◆ WORK REQUIRED
The listing below must be returned in full and unchanged, without the images it carries.

◆ AVAILABLE DATA
________________

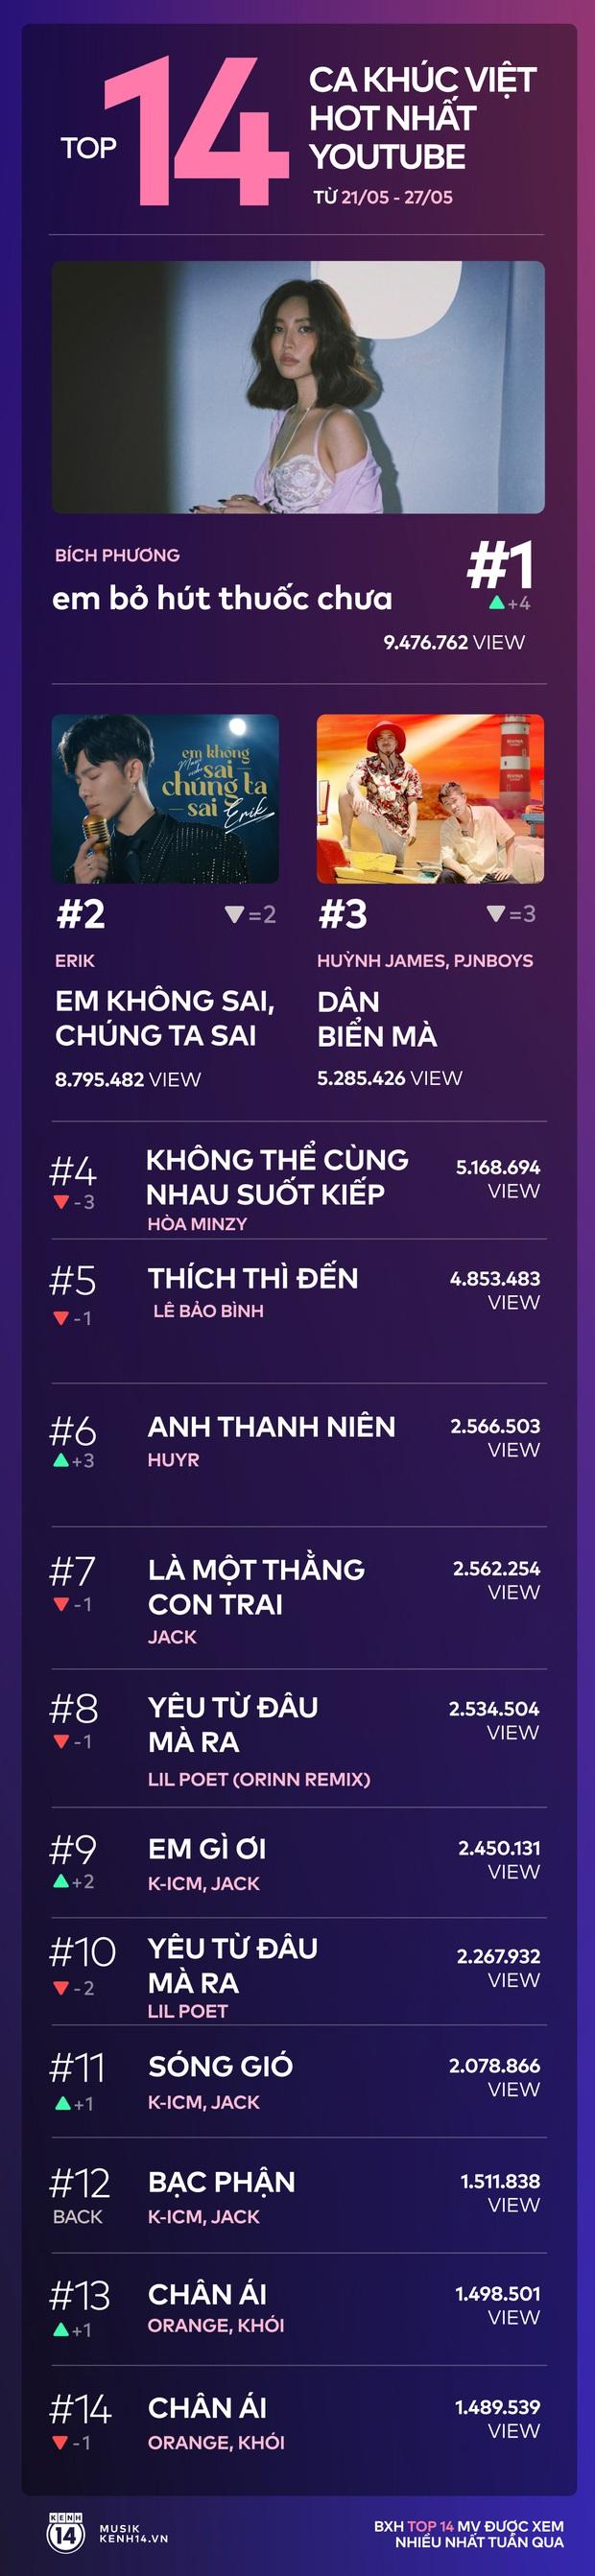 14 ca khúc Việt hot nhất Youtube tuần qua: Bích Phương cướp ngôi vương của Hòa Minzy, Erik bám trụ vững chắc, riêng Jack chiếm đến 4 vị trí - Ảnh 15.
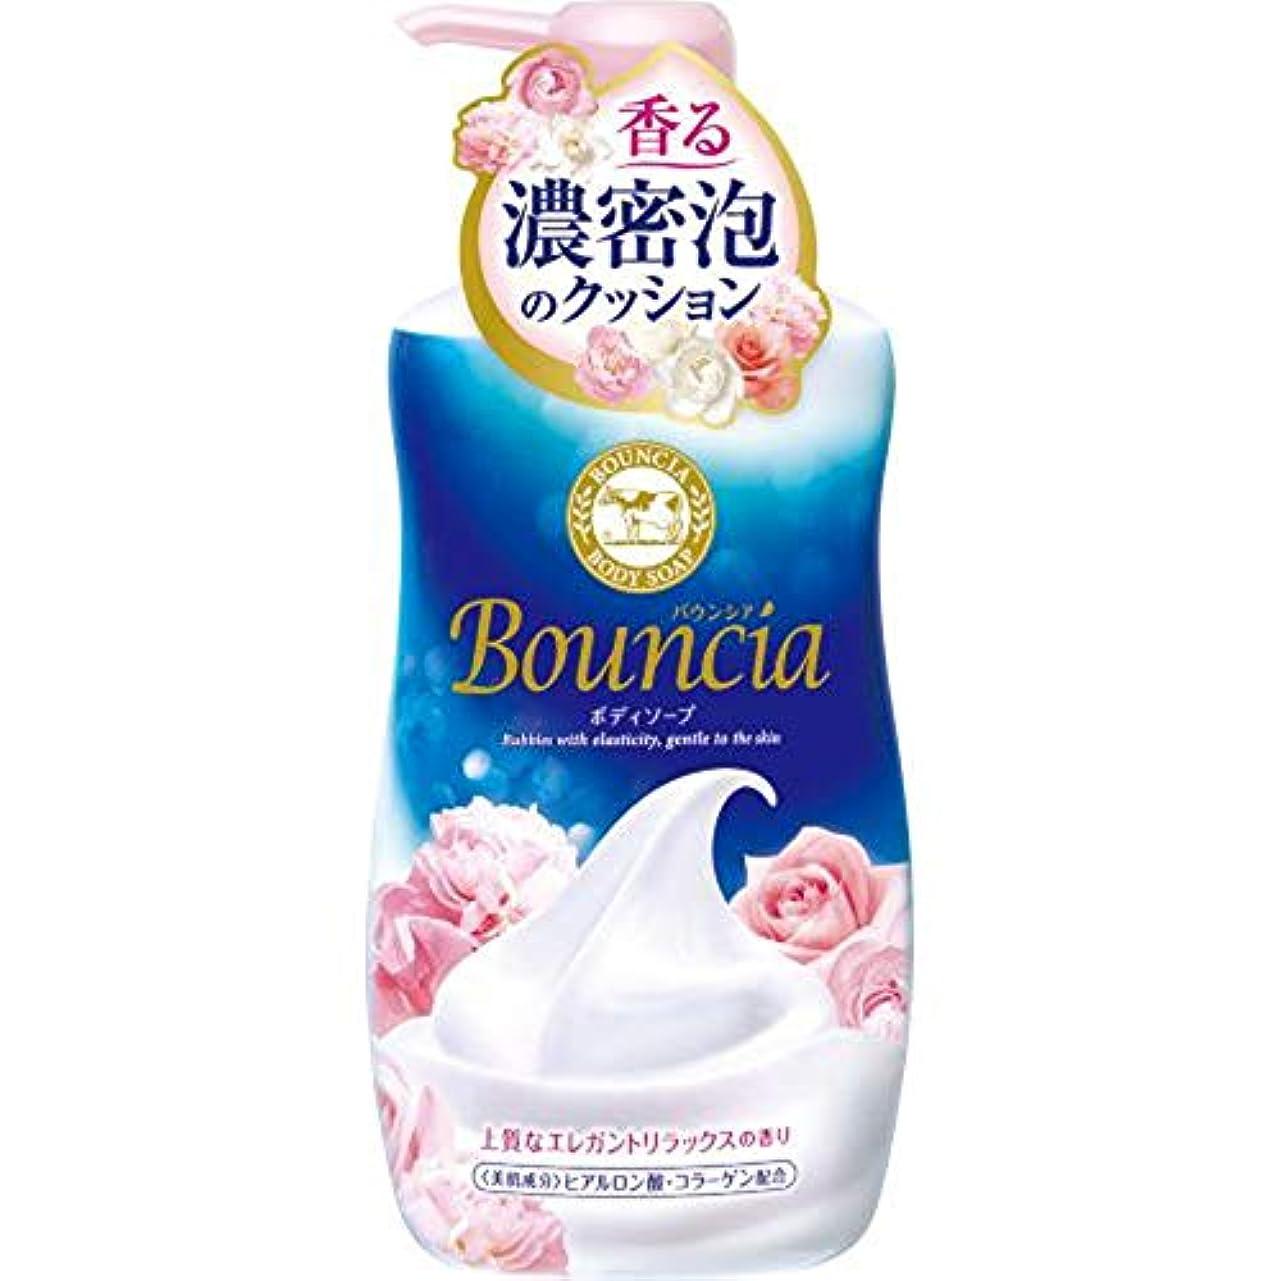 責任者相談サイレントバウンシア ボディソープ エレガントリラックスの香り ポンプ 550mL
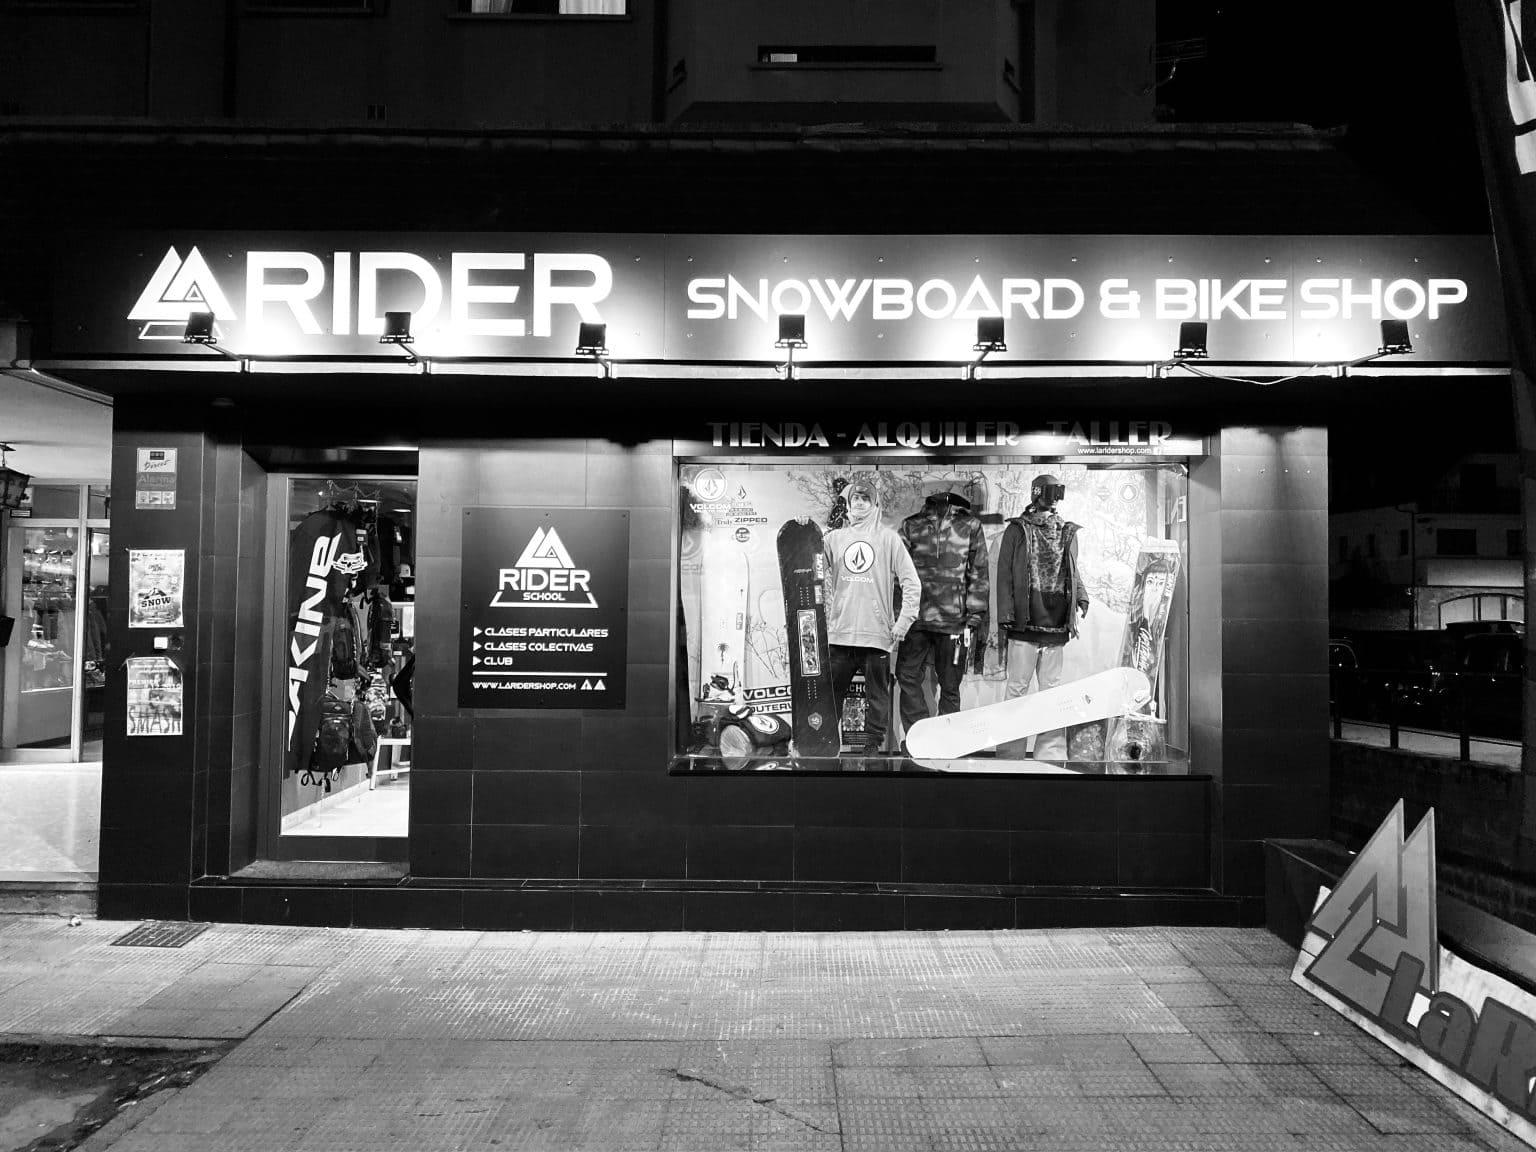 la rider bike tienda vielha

________________

◆ SOLUTION FOR THIS TASK
 14 ca khúc Việt hot nhất Youtube tuần qua: Bích Phương cướp ngôi vương của Hòa Minzy, Erik bám trụ vững chắc, riêng Jack chiếm đến 4 vị trí - Ảnh 15.
 責任者相談サイレントバウンシア ボディソープ エレガントリラックスの香り ポンプ 550mL
 la rider bike tienda vielha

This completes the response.